After winning the Best New Festival Award in 2015, Wild Life was back at Brighton City Airport to now showcase and cement its date in the festival calendar as a major player. To do this, it would need to go one better, bring in something neoteric and exhilarating, whilst also landing some grand-musical heavyweights. They arrived in the form of grime's latest stars Stormzy and Skepta, American vets Ice Cube and Busta Rhymes, and pop artists Bastille.

Wild Life Festival

It was the former N.W.A lyricist who had the crowd trembling at his figure tips though. Supported by no more than his son (not O'Shea Jackson who plays his father in Straight Outta Compton), Ice Cube was the penultimate act on Sunday's main stage and stole the show. The set of the weekend, despite co-curators Disclosure and Rudimental headlining the festival for successive years.

With both Stormzy and Skepta having tracks appear ubiquitously over all radio stations, this was their moment to shine, their moment under the spotlight. They appeared on the main stage Saturday and Sunday respectively and both seemed to revere their audience from the first moment, with Stormzy indicating it was the biggest and best crowd he had every performed at - it probably was for Skepta too.
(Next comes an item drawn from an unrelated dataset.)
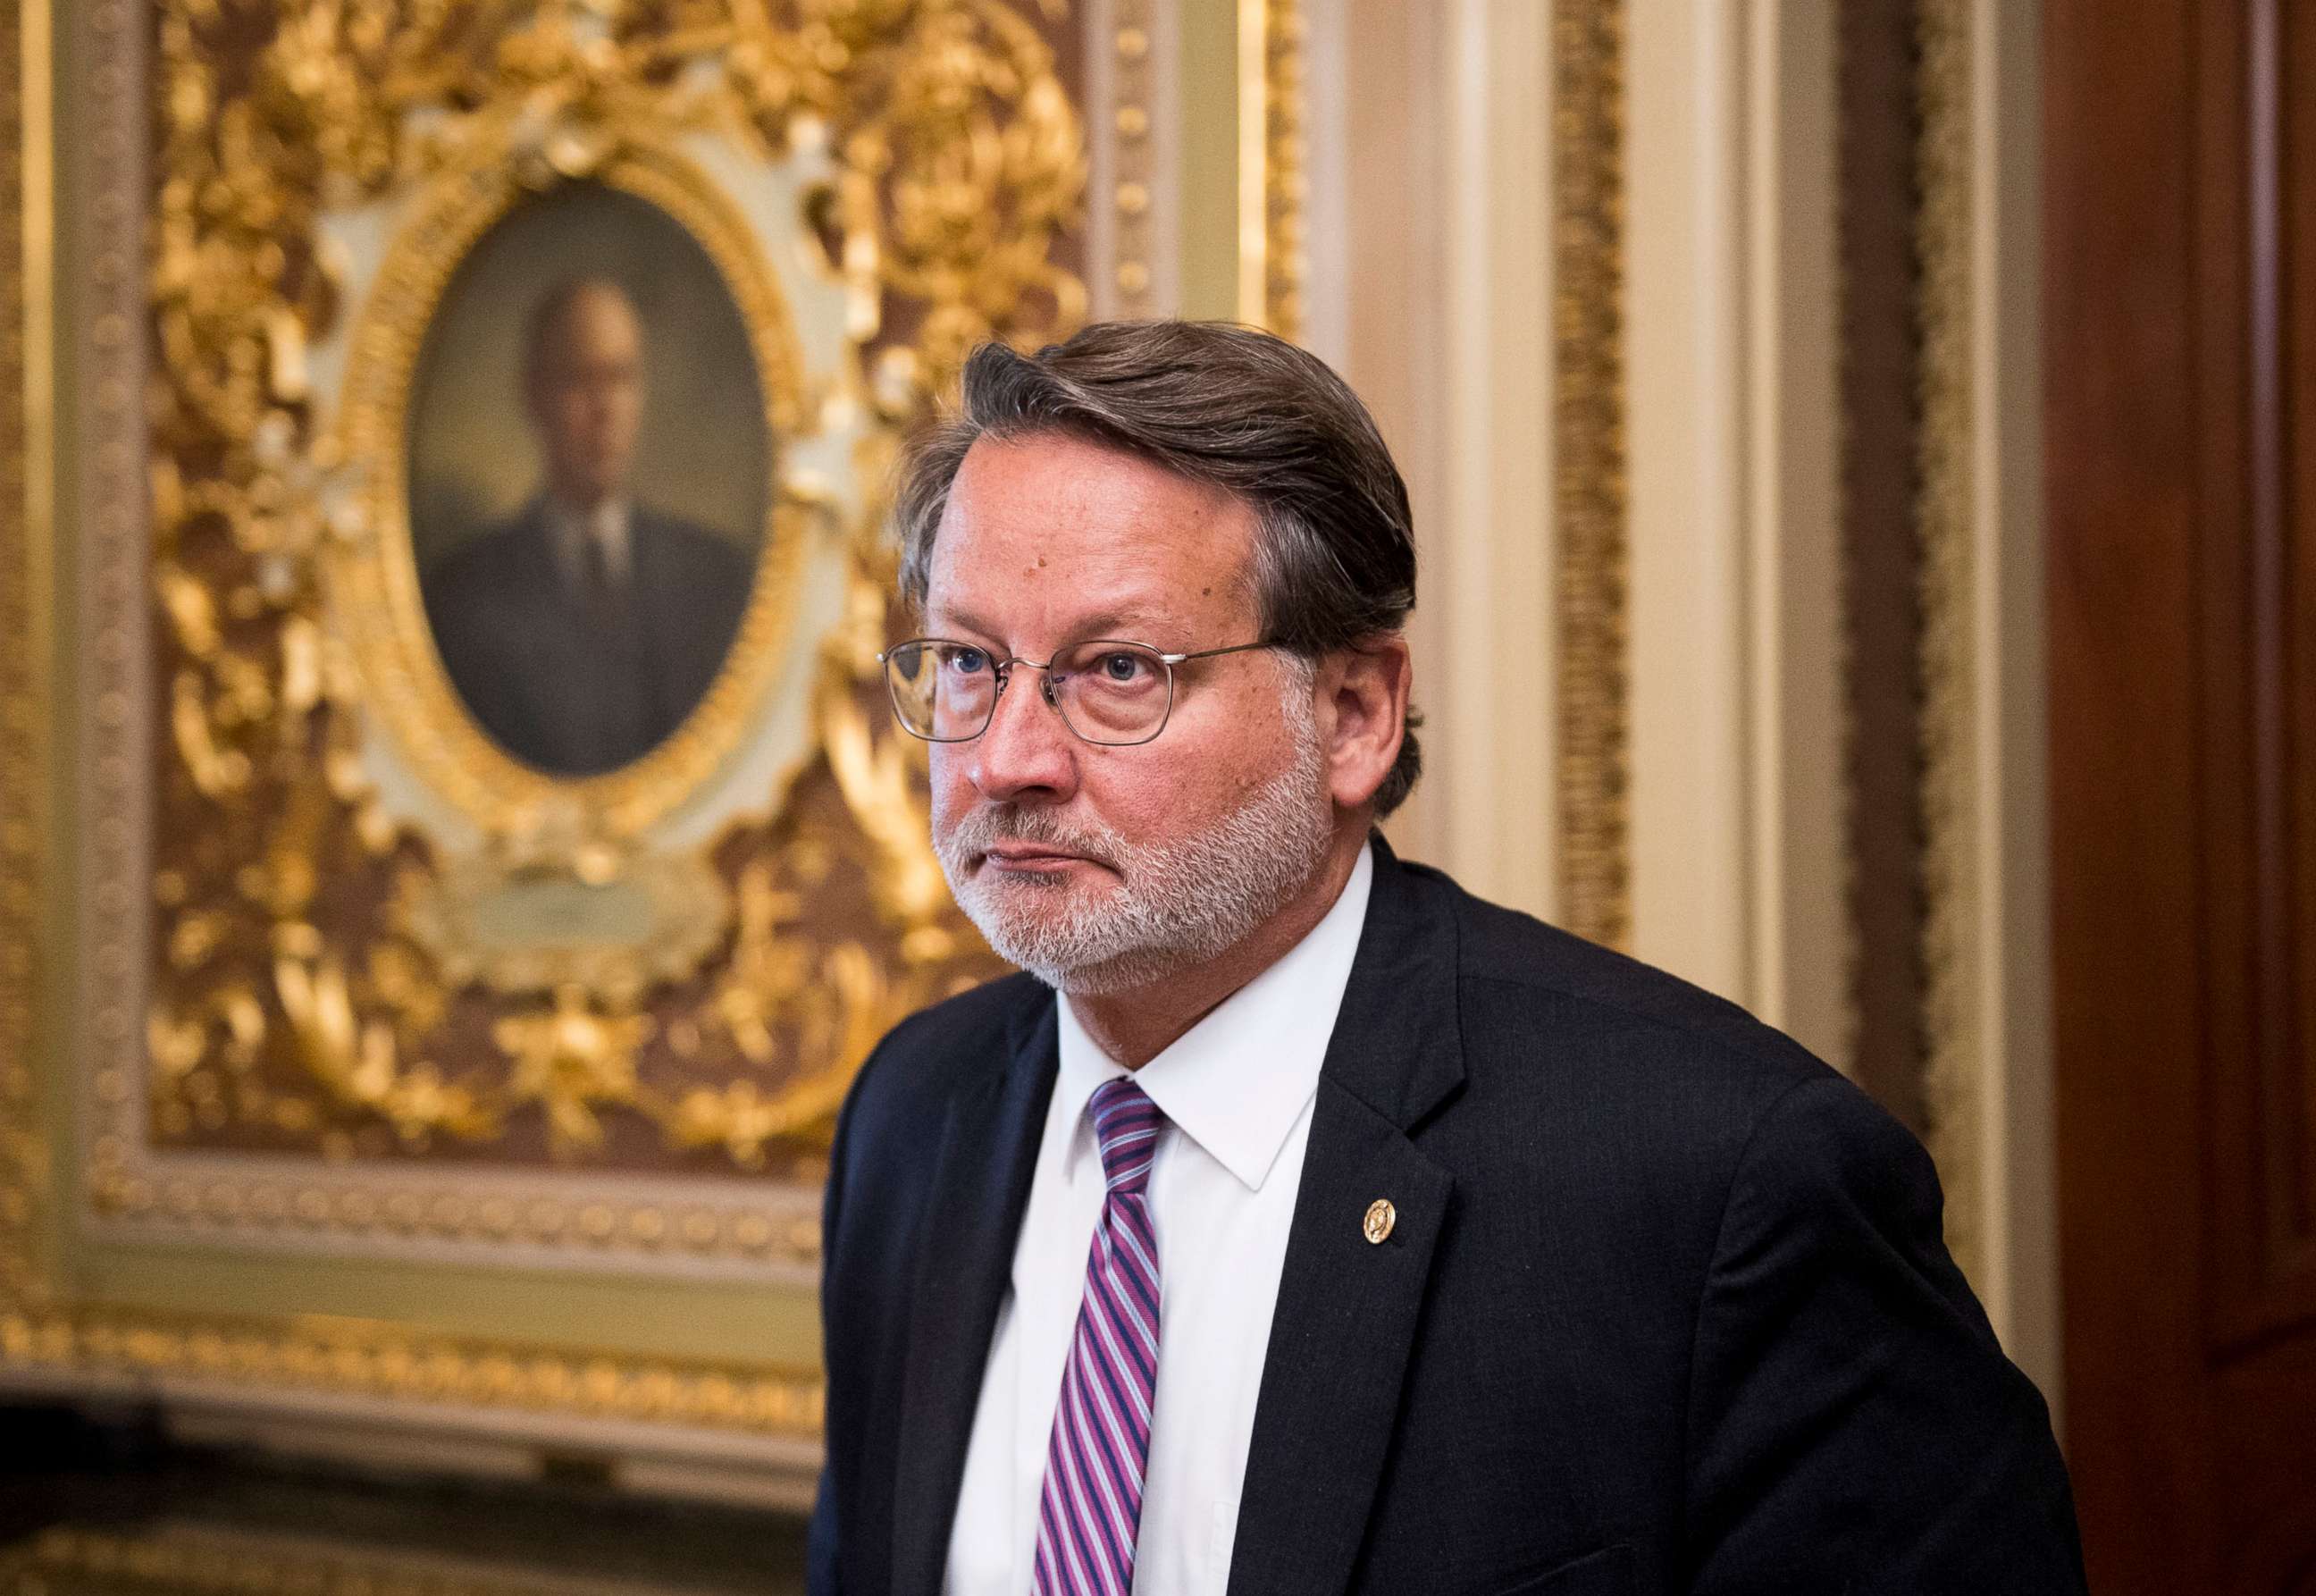 PHOTO: Sen. Gary Peters leaves the Senate Democrats' policy lunch in the Capitol on Sept. 10, 2019.

For Skepta, he had arguably brought in the biggest crowd of the festival. The main stage was swarming, with people of all walks of life and ages proving the attraction of the artist and genre at this present moment in time. Though for as much as the buzz circled the congregation, something was missing. His short set of just 45 minutes seemed exactly that. Yes he went through the classics like 'That's Not Me', 'Shut Down' and his latest success 'Man', which naturally caused some small attempts at hip hop moshpits, however, the London artist struggled to hold the stage for the set and didn't seem as crisp over the microphone as one would hope. Though the set was an obvious huge success, there was room for improvement. Stopping 'Man' half way through and putting it back to the start several times was a definite crowd pleaser.

Sunday brought melancholic weather more suited to Wuthering Heights than Brighton, though, despite the gloom, the rain held all day. Stormzy was early on the main stage and with no surprise, brought a very large crowd. Whether it is because of the artist being in his ascendency, or just his style, the rapper brings far more energy to his set than Skepta and was an early treat for those who made the festival at this time. 'Shut Up' was a highlight.
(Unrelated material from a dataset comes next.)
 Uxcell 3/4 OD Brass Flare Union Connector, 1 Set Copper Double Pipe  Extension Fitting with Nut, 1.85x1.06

Stormzy and Skepta needed to look no further in a masterclass-veteran performance from Ice Cube. Seemingly finding the joy in performing live again, Ice Cube slowly gathered a massive crowd to witness a show of nostalgic classics and California-style rapping. Dressed head to toe in black with his Ice Cube shirt on, Cube went through the obscene amount of colossal hits in his repertoire. With a back-drop-video montage putting together his greatest clips from music videos and films, everything from Friday to Ride Along, only added to the nostalgia being created in front of you. Crisp clear and on form, the 47 year-old personified a musician who beamed with clear happiness being back in the UK performing live. Even his crowd participation was overly indulged in by the Wild Life crowd, loving every word, singing to every tune. Naturally doing a medley of N.W.A verses, he also did some hits from Westside Connection and  he could not of left Brighton without playing 'Bop Gun', 'The Ni**a Ya Love To Hate' 'Hello' 'Today Was A Good Day' and 'You Can Do It'.
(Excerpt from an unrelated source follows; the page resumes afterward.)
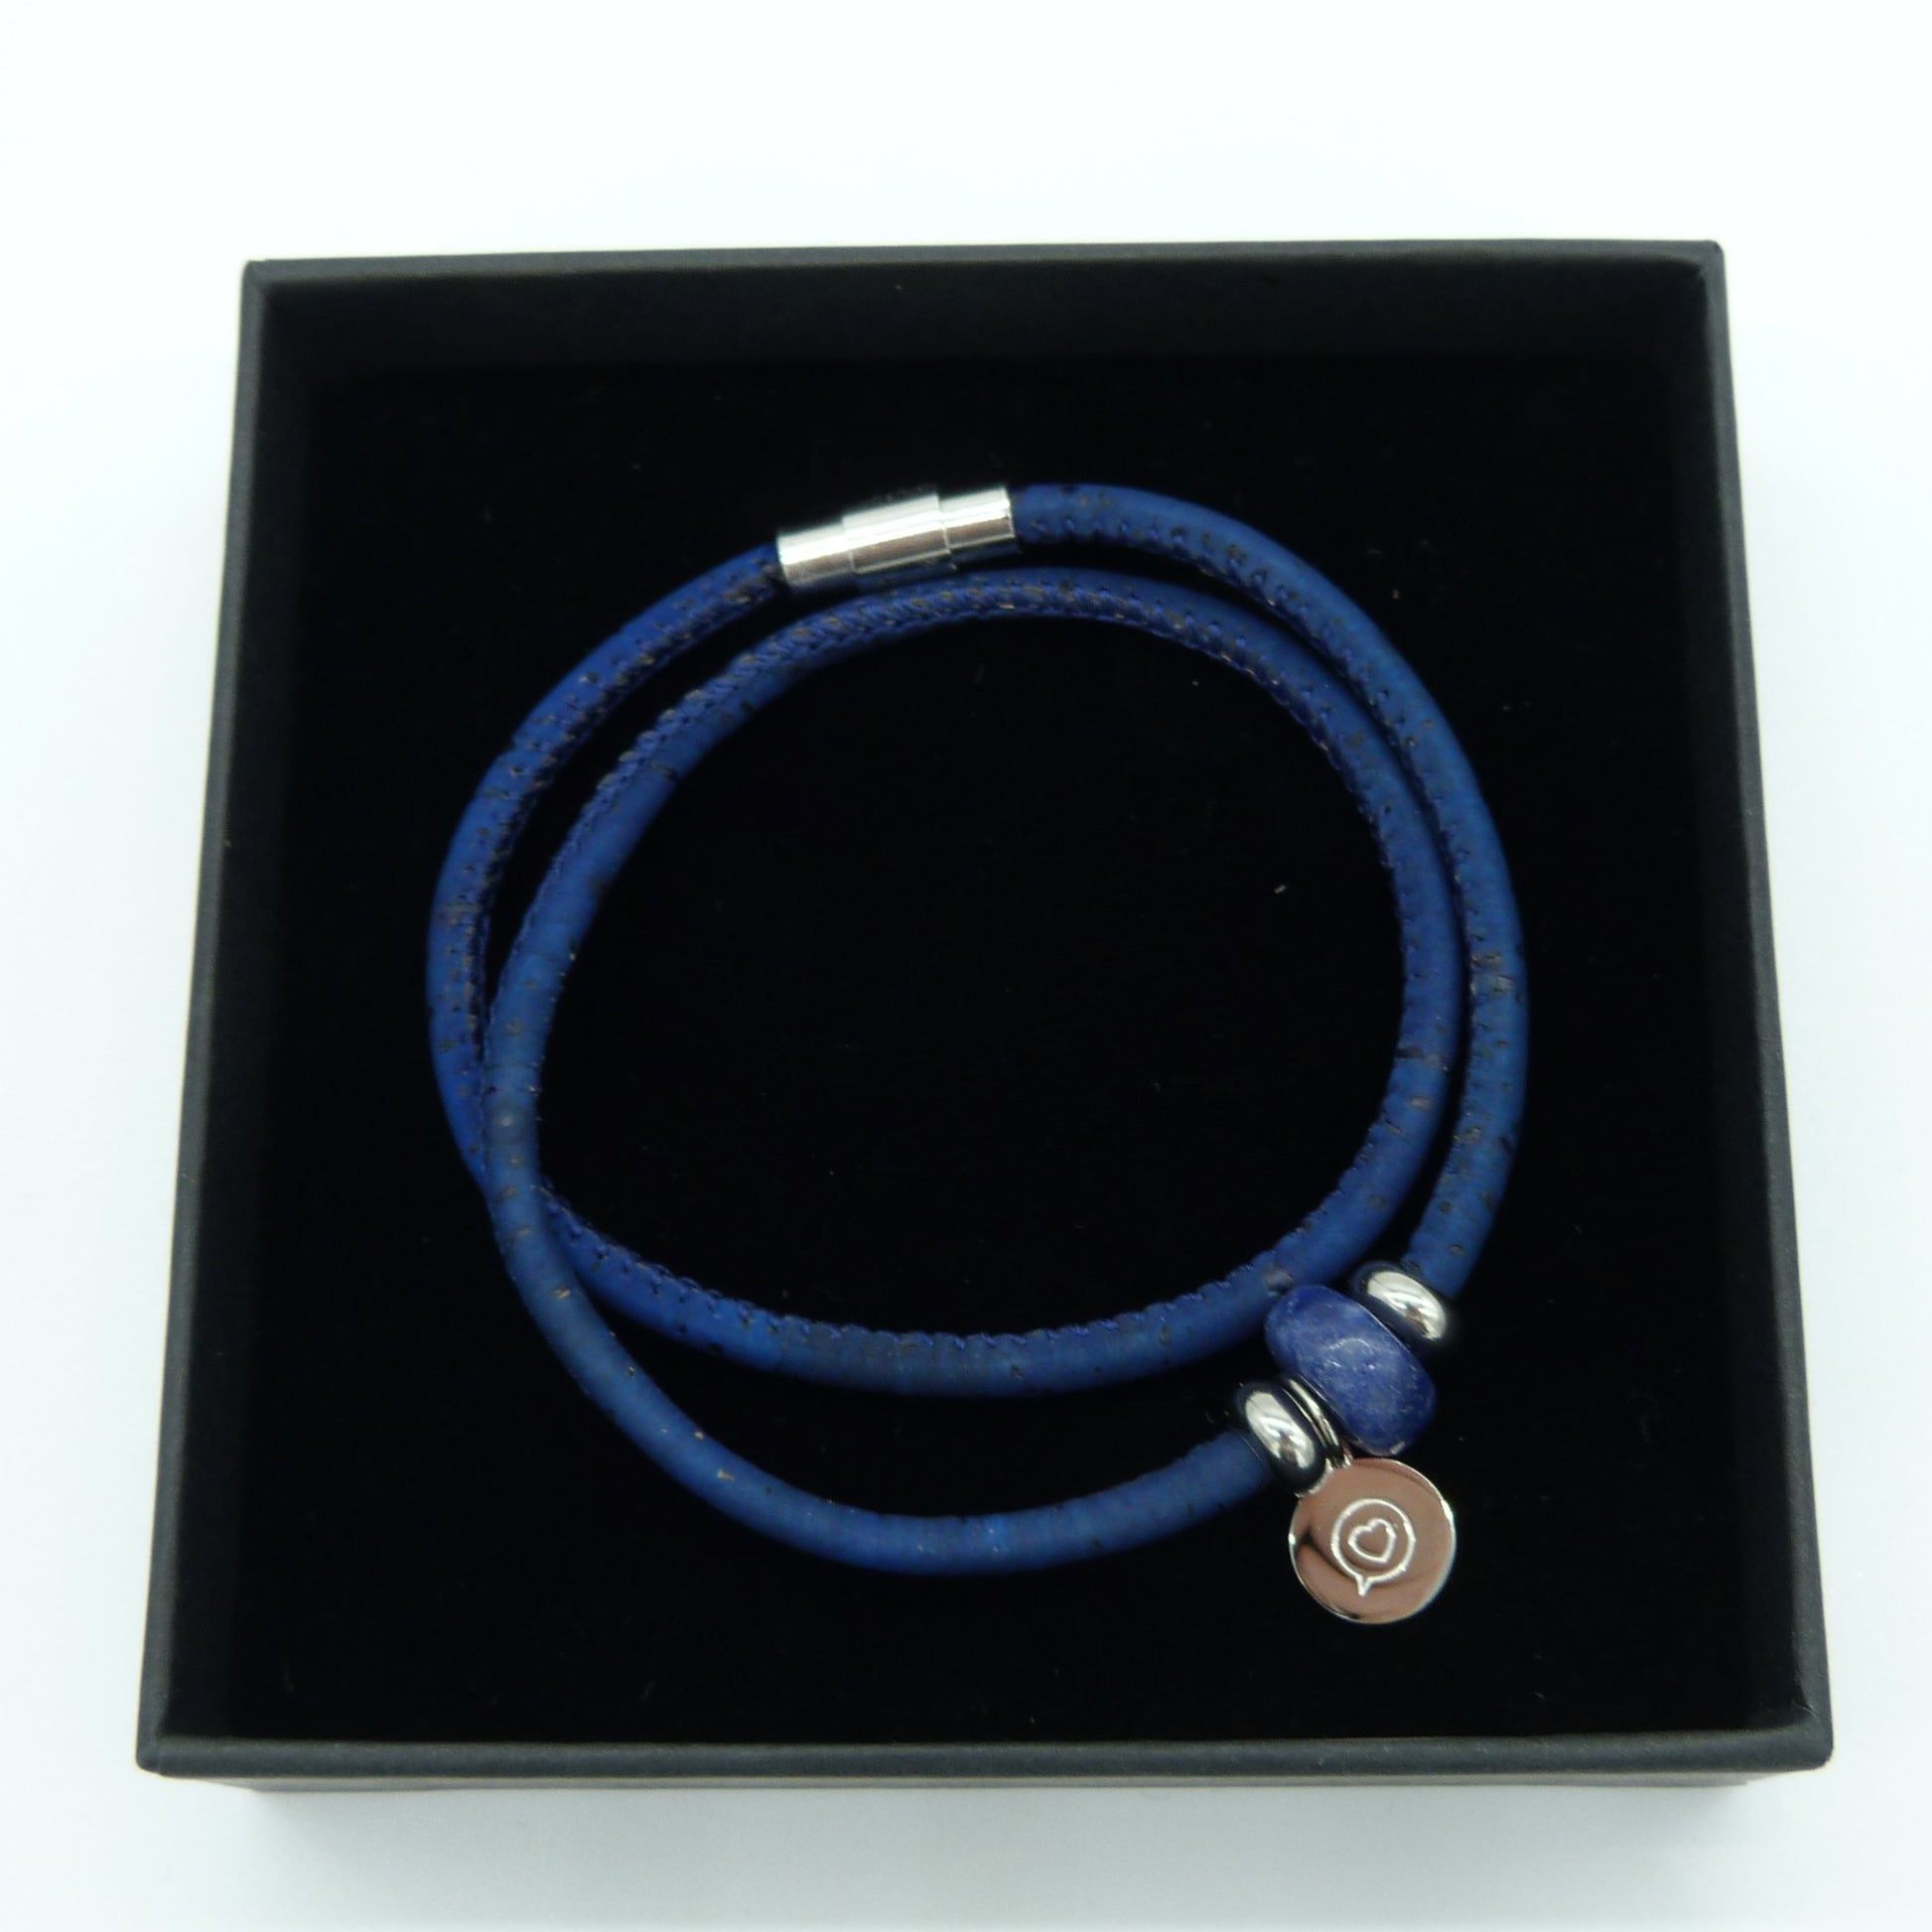 Blue cork bracelet with stainless steel magnetic clasp . Gemstone Sodalite bead with stainless steel tag with the logo of Roo Betty of a heart in a speech bubble . Presented in a black gift box

Whilst Cube was a massive hit, Busta Ryhmes drew a similar crowd, but struggled to amplify his voice on the outside stage throughout, though everyone seemed to have enjoyed just having the rapper in their presence. The Bastille boys seem to be on fire at the moment, singer Dan Smith matched the energy of his audience, teasing the crowd with a taste of their new album 'Wild World'. They even performed a rendition of TLC's 'No Scrubs', a crowd pleaser.

On the electronic front, DJ's in both tents and the WHP stage stopped music very briefly to announced England has scored in the Euros, as Eats Everything, DJ EZ and Todd Terje were notable successes, with the latter proving a big hit.

For headliners Rudimental and Disclosure, they were naturally brilliant, and no one would expect anything less from the two groups who have now gone onto become industry big hitters with residencies in Ibiza. The lack of fresh music and variety to their sets made it a little stale.  Comprehensibly the guys want to indicate to everyone this is their festival and anyone seeing them for the first time would have found them memorable and mesmerising, however, headlining the festival in two successive years seemed to suck some of the excitement out the headline slots, especially for anyone returning to Wild Life.

For 2017, Rudimental have already stated they will probably not be headlining the festival, and similar for Disclosure too. With sister-festival Parklife having Chemical Brothers headline in Manchester, one can only imagine the extra edge it might have given the festival. Thankfully for Wild Life, Ice Cube Stormzy and Skepta delivered in a huge way.